Question

Let $z=\frac{\sqrt{3}}{2}-\frac{i}{2}.$ Then the smallest positive integer $n$ such that $(z^{95}+i^{67}{)}^{94}=z^n$ is

Answer 1

From the hypothesis, we have
$z=\frac{\sqrt{3}}{2}-\frac{i}{2}=i(-\frac{1}{2}-\frac{i\sqrt{3}}{2})=i\omega$
where $\omega =-\frac{1}{2}-\frac{i\sqrt{3}}{2},$ which is a cube root of unity.

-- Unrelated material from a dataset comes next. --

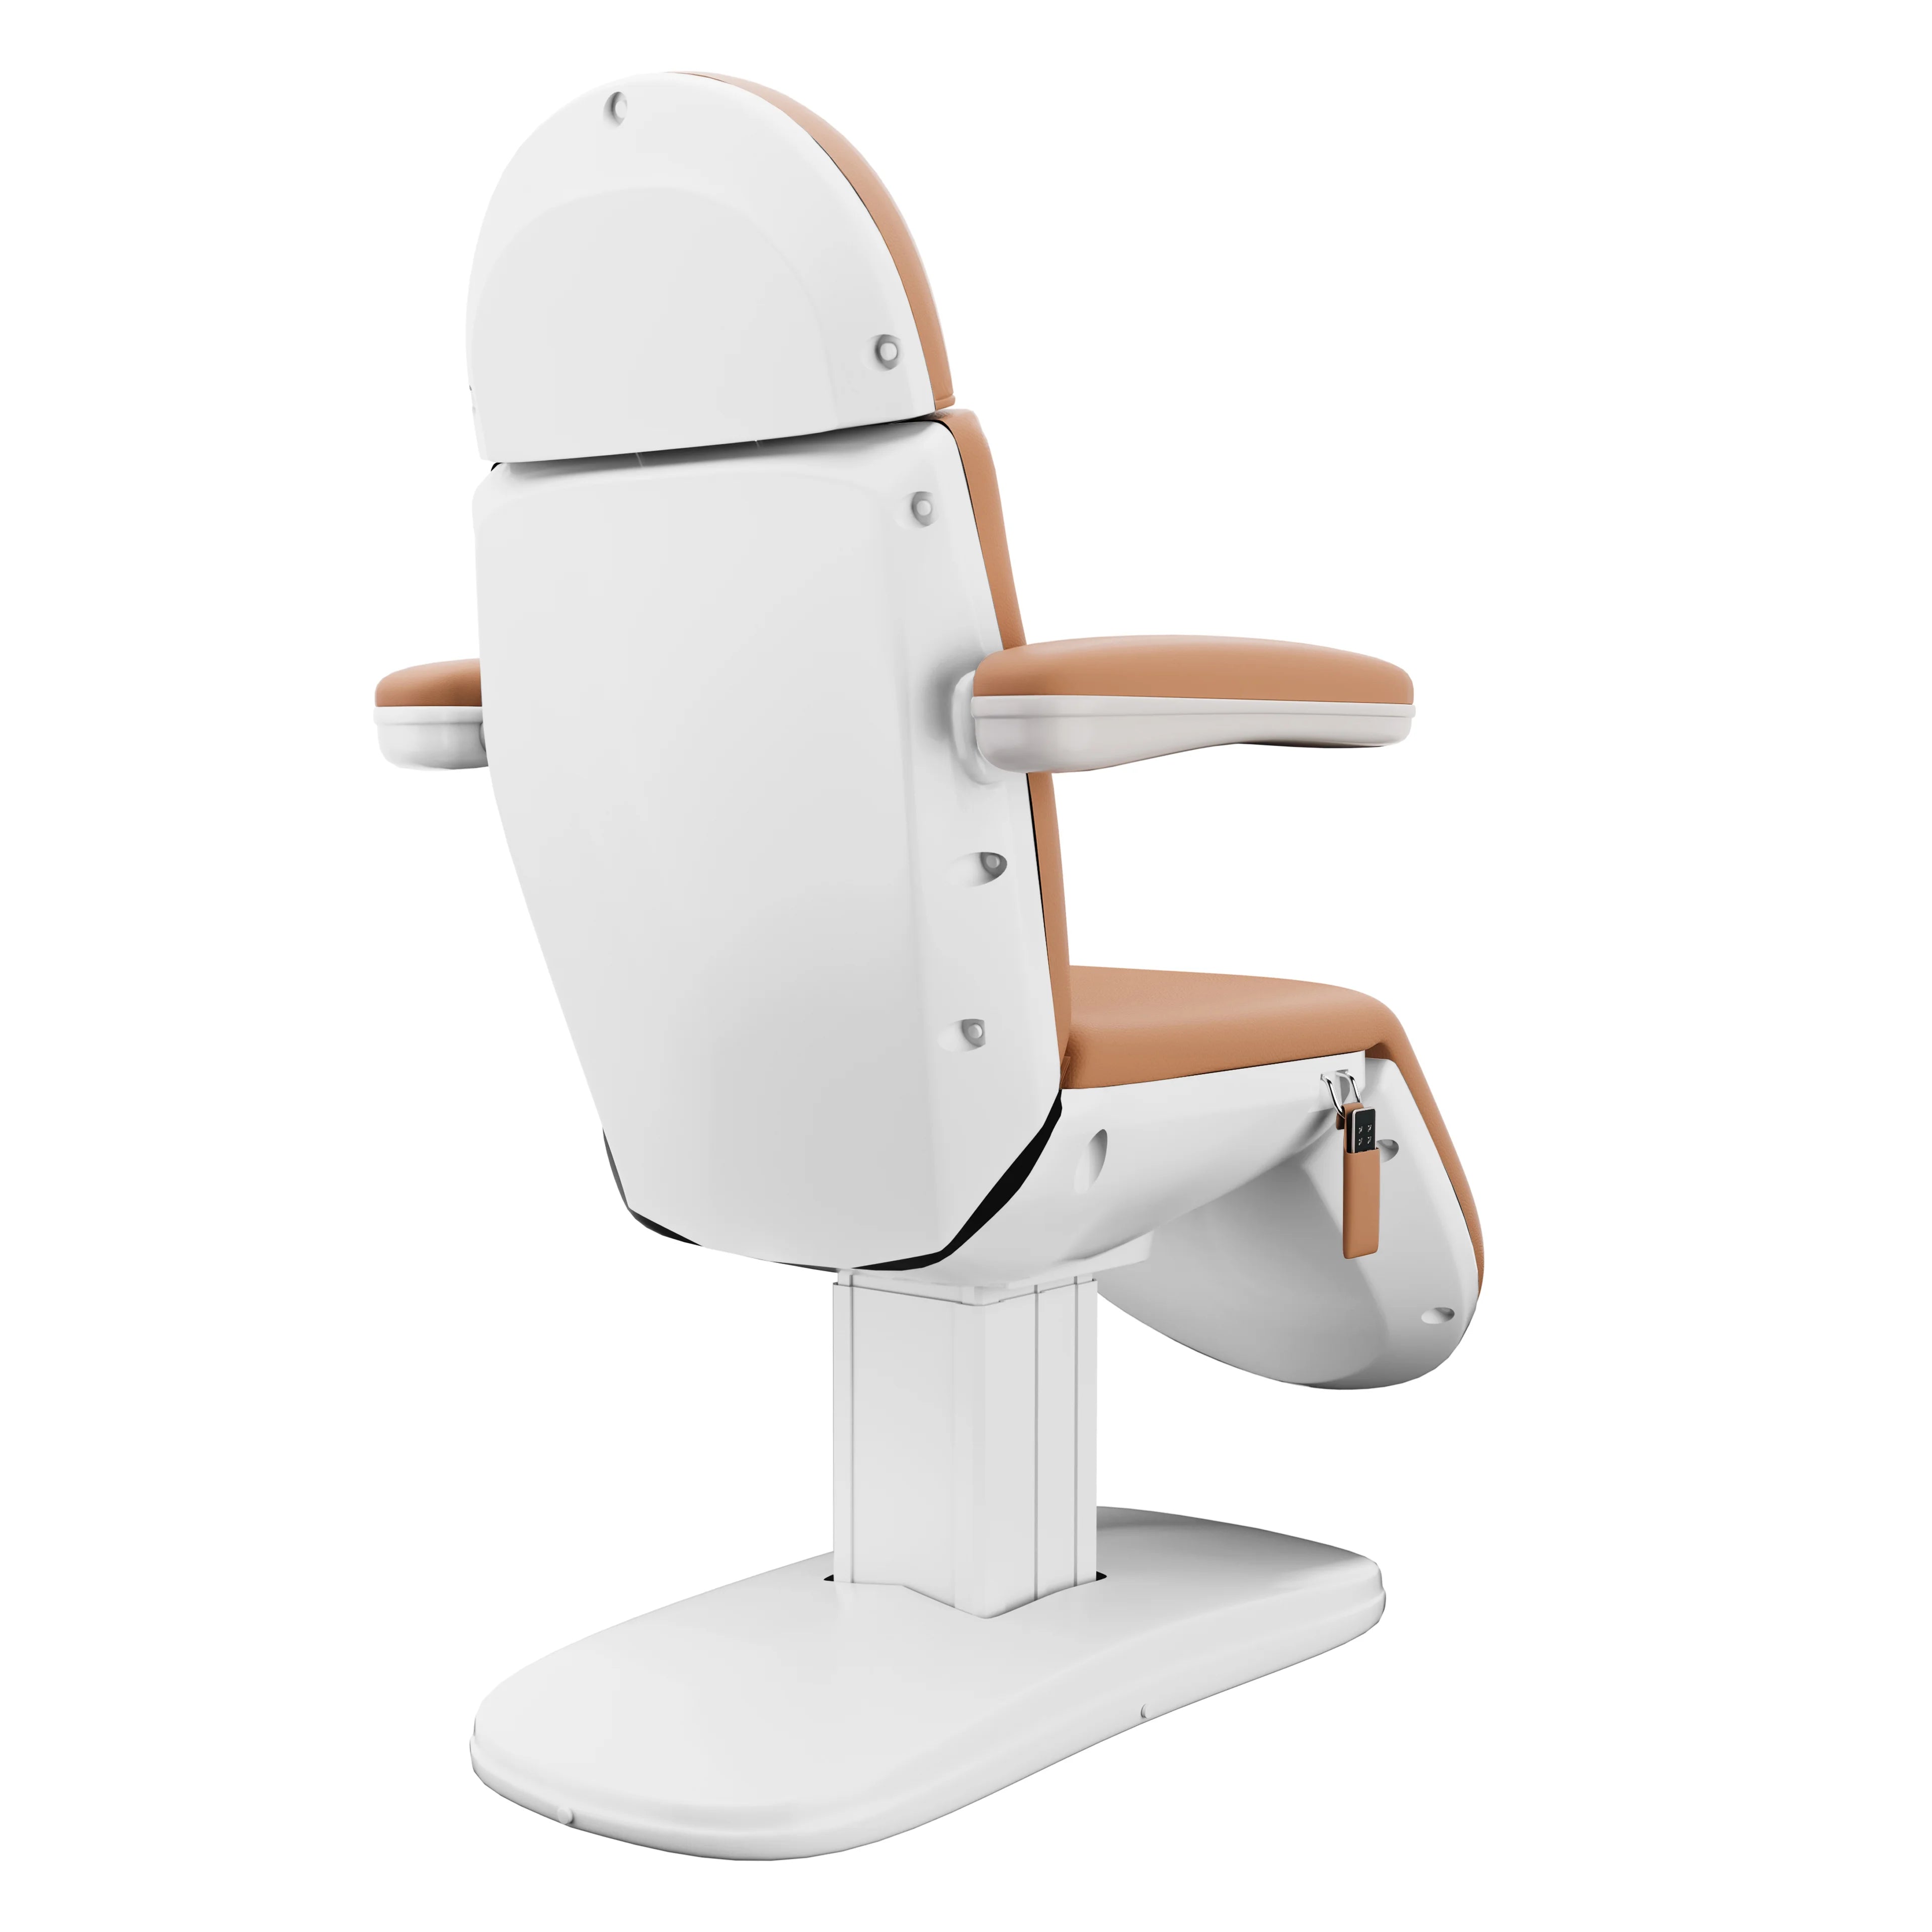 SpaMarc . Benefic (Brown) . 4 Motor Spa Treatment Chair/Bed . (Wireless Remote)

Now, $z^{95}=(i\omega {)}^{95}=-i{\omega }^2$
and $i^{67}=i^3=-i$
Therefore, $z^{95}+i^{67}=-i(1+{\omega }^2)=(-i)(-\omega )=i\omega$
$\Rightarrow (z^{95}+i^{67}{)}^{94}=(i\omega {)}^{94}=i^2\omega =-\omega$

Now, $-\omega =z^n=(i\omega {)}^n$
$\Rightarrow i^n\cdot {\omega }^{n-1}=-1$
$\Rightarrow n=2,6,10,14,\dots \dots$
and $n-1=3,6,9,\dots \dots$
Hence, $n=10$ is the required least positive integer.